### Try it
In the listing below, locate the line containing "Brautpaar im Gegenlicht aufgenommen" and copy it and every line after it through the end, exactly as written, leaving out any pictures.
===== Available data
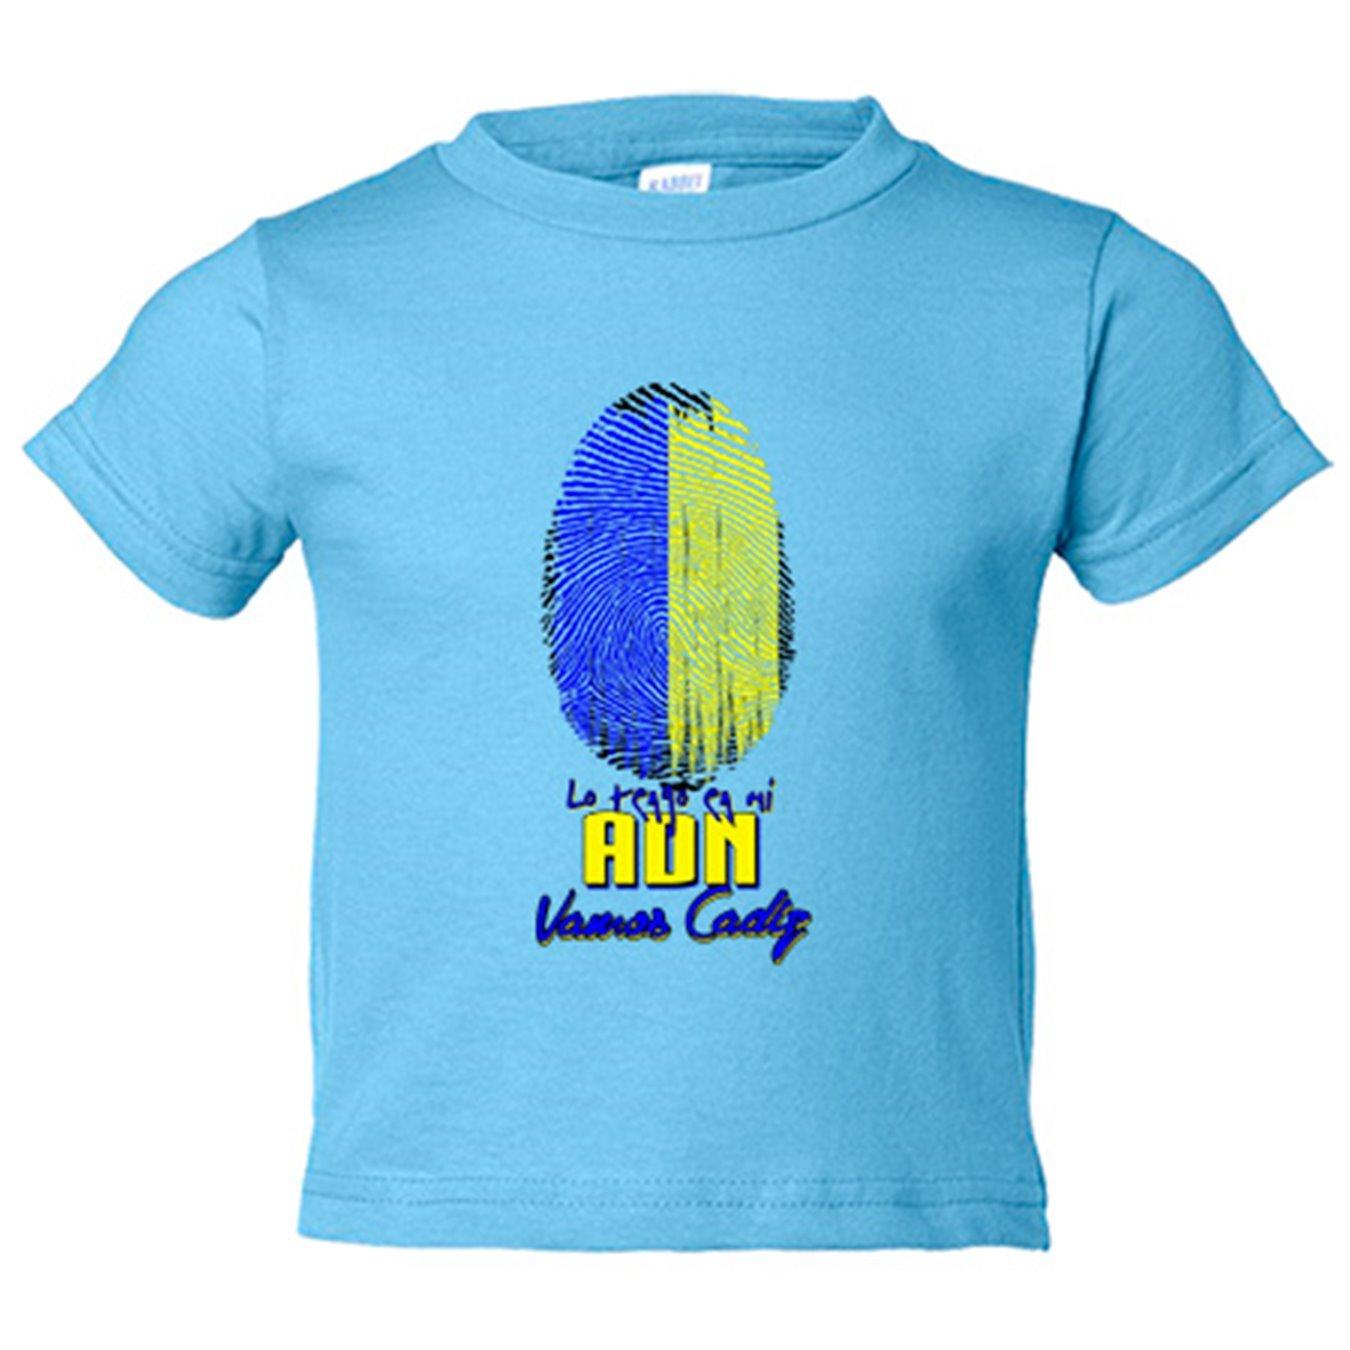 Camiseta niño lo tengo en mi ADN Cádiz fútbol - Amarillo, 3-4 años: Amazon.es: Bebé
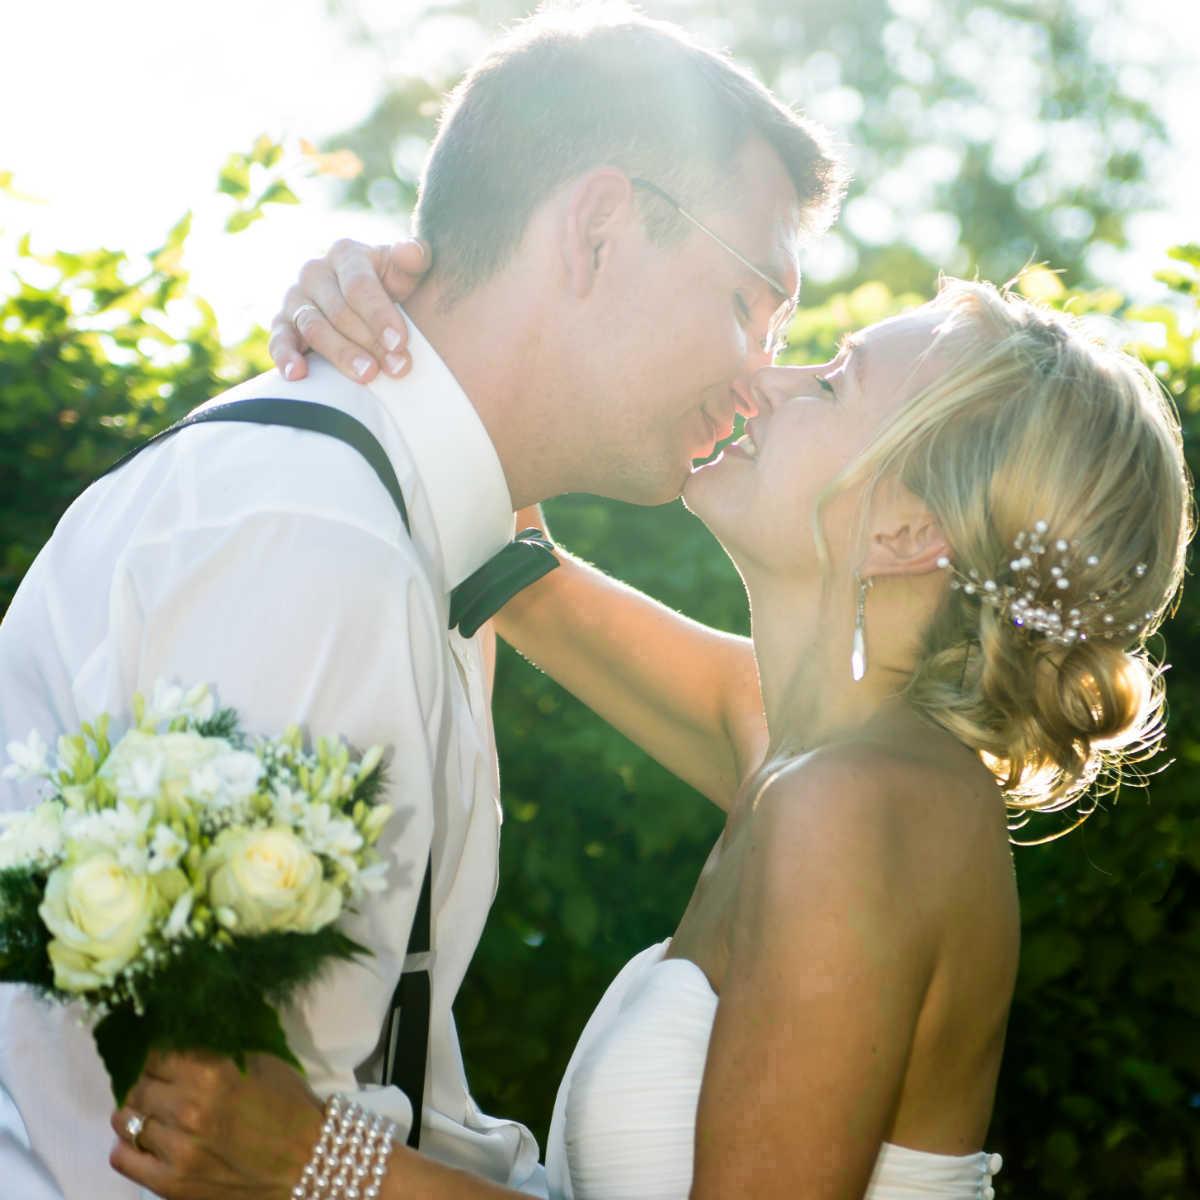 Brautpaar im Gegenlicht aufgenommen
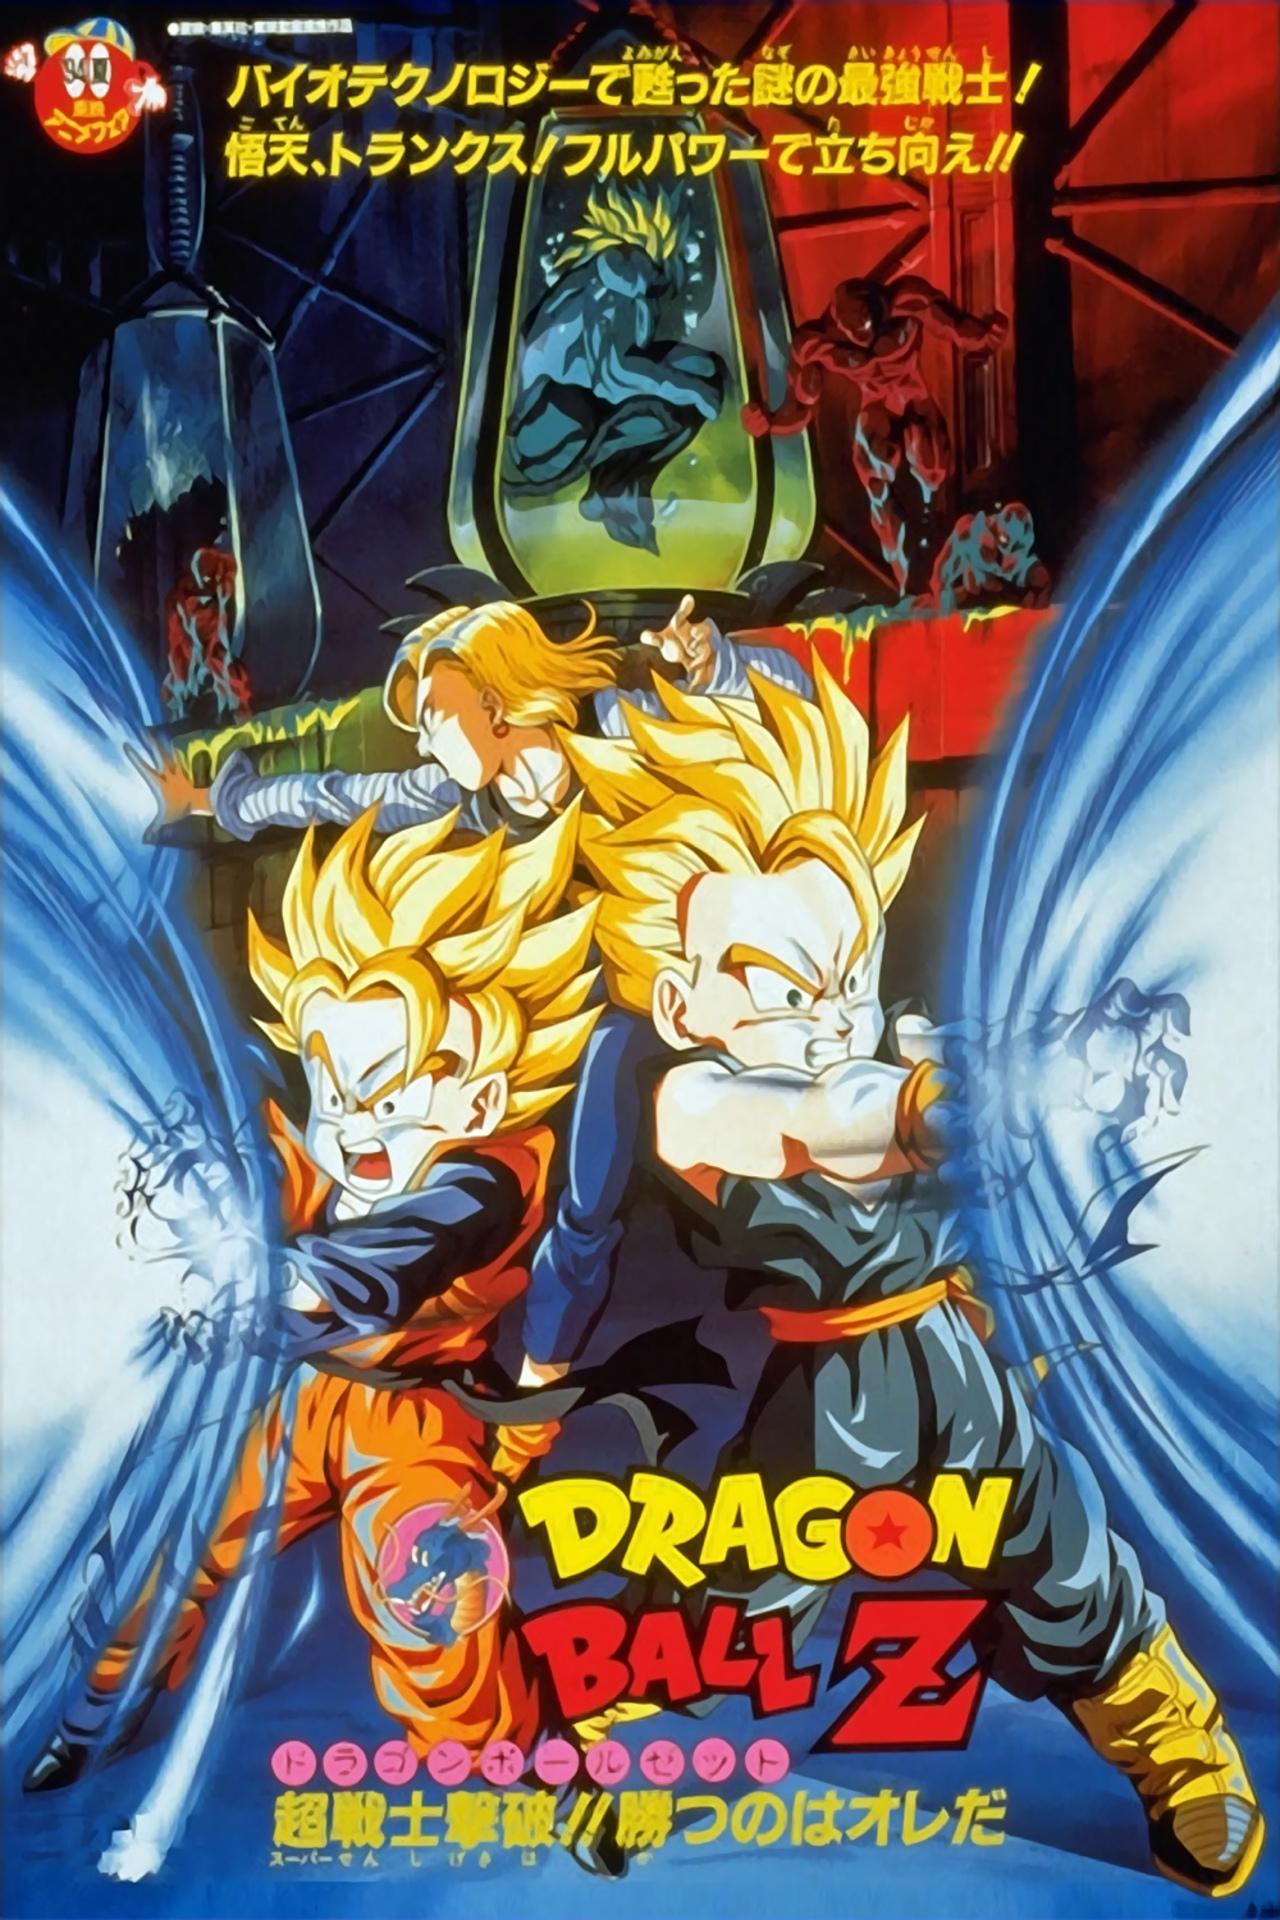 Dragon Ball Z: Bio-Broly kapak
==========
### Finished task
 Brautpaar im Gegenlicht aufgenommen
 Dragon Ball Z: Bio-Broly kapak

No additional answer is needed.